Batched shuffling of feature vectors

Hi, Is there an idiomatic way to do a batched shuffle of feature vectors?

I want to generate K negative samples per batch of data. i.e, given a tensor with shape (Batch x Features), I want to generate noise with the shape (K x Batch x Features), where the features in the noise are shuffled versions of the original data. e.g. given a batch like [ [ a b c ] [ a d e ] [ b d e ] ], I want to generate two negative examples per datum like so:

 a b c     a c b | c b a
 a d e ->  a e d | d e a 
 b d e     b d e | e b d

I’ve tried doing this using randperm, but it is prohibitively slow, especially on the GPU, and requires a lot of logistics and scaffolding.

1 Like

I’m not sure, how exactly you are shuffling your input. Is there any specific logic or are you just randomly sampling shuffle indices?
As far as I understand, randperm seems to work but is too slow?

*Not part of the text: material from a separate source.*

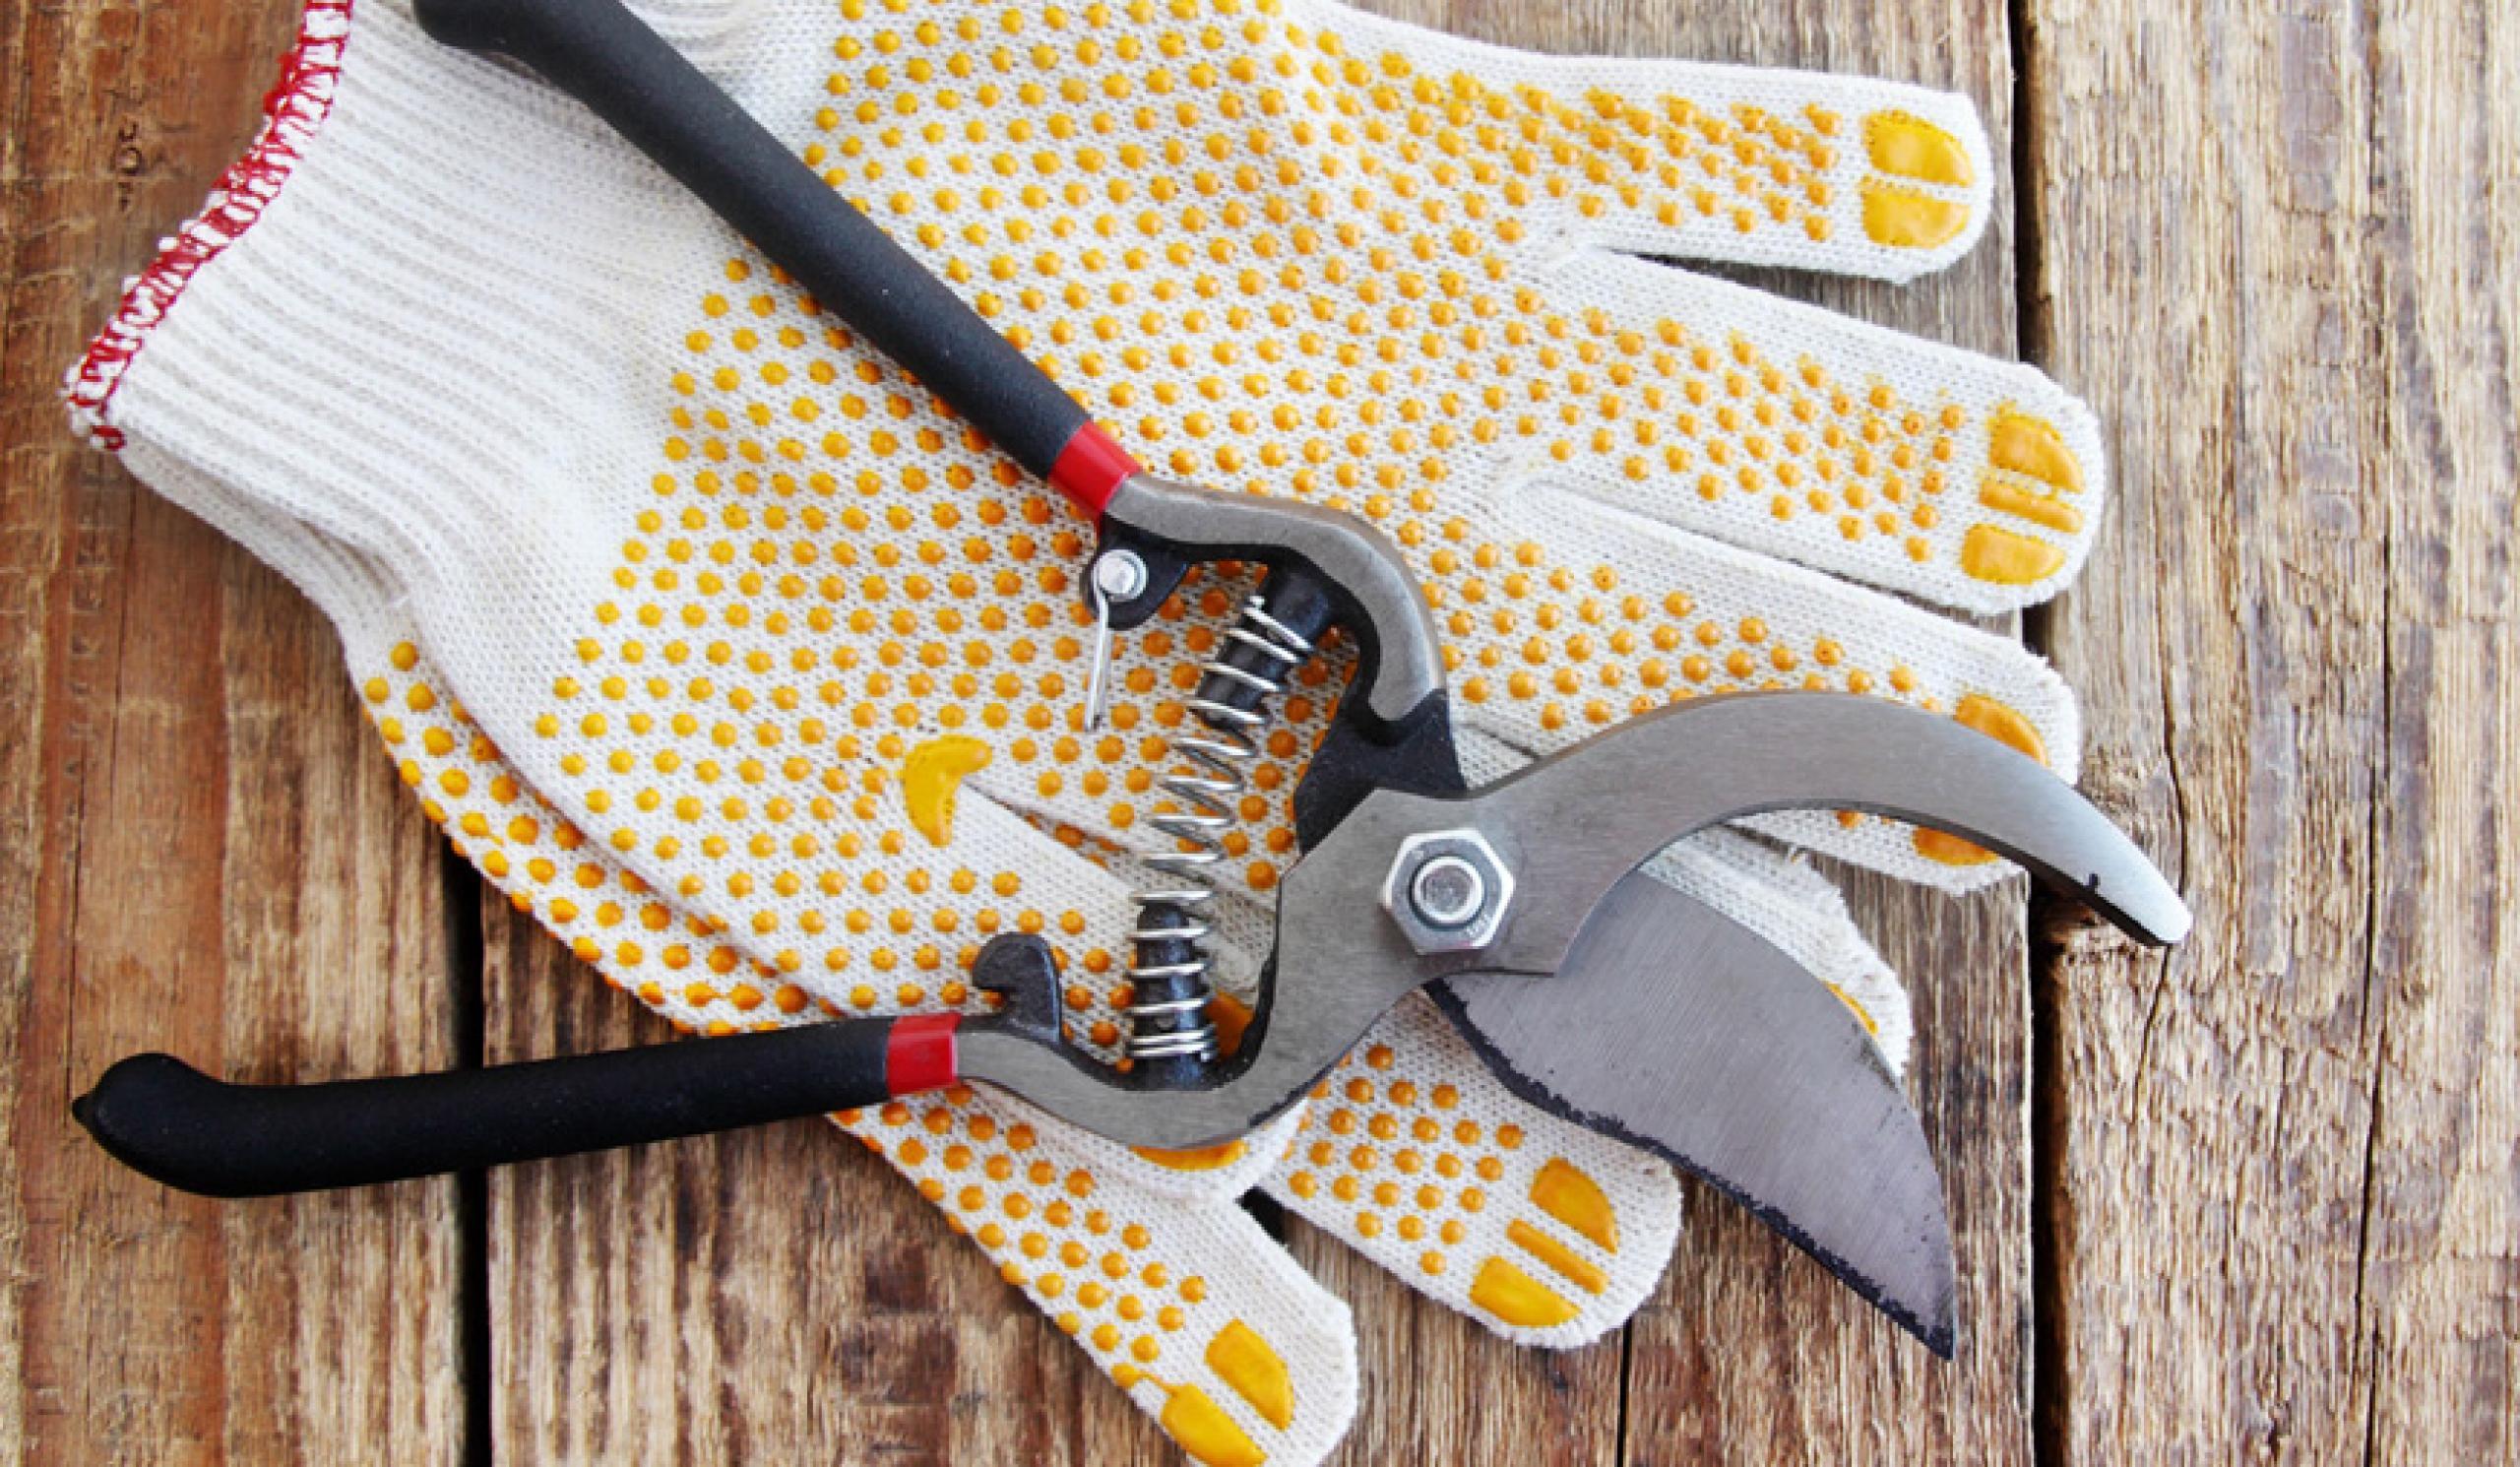 Kerti karbantartás és szabadtéri munkák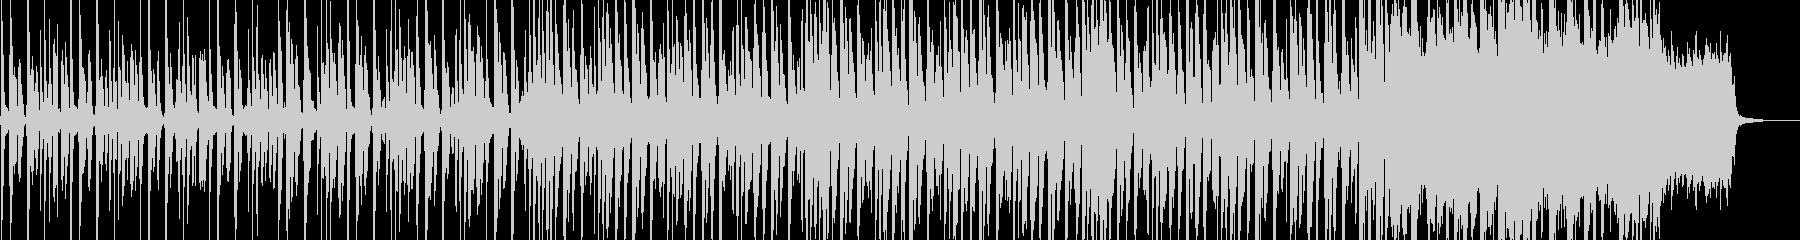 コミカルなピチカートとストリングスの曲の未再生の波形

I want to generate shuffles on the feature level over a batch.
So given a datum like [a b c] i want to generate k shuffles of it, e.g. two shuffled versions: [ [ a c b ] [c b a ] ], with this generalized over batched data.

The issue is that the call to randperm only generates one permutation, so I need to make (K x Batch) calls to randperm (which is very slow) and then index out the shuffles from the original data.

Now that i think about it, it wouldn’t be a problem if randperm could return multiple permutations.

I recently wanted to do the same thing. In case anyone is interested, the following is my solution:

import torch


n_batch = 8
n_feat = 11

rand = torch.rand(n_batch, n_feat)
batch_rand_perm = rand.argsort(dim=1)
print(batch_rand_perm)
tensor([[ 1,  2,  4,  6,  0,  9,  3,  7,  8,  5, 10],
        [10,  6,  9,  2,  7,  4,  3,  5,  1,  0,  8],
        [ 8,  7,  4,  6,  0,  1,  9, 10,  2,  5,  3],
        [ 1,  3,  5,  4,  6,  8,  2,  9,  0,  7, 10],
        [ 3, 10,  7,  1,  4,  5,  0,  8,  9,  6,  2],
        [ 2, 10,  0,  1,  6,  8,  7,  9,  5,  3,  4],
        [ 5,  9,  8, 10,  0,  1,  6,  7,  4,  2,  3],
        [ 0,  9,  8,  4,  1,  3,  2,  7,  5, 10,  6]])
8 Likes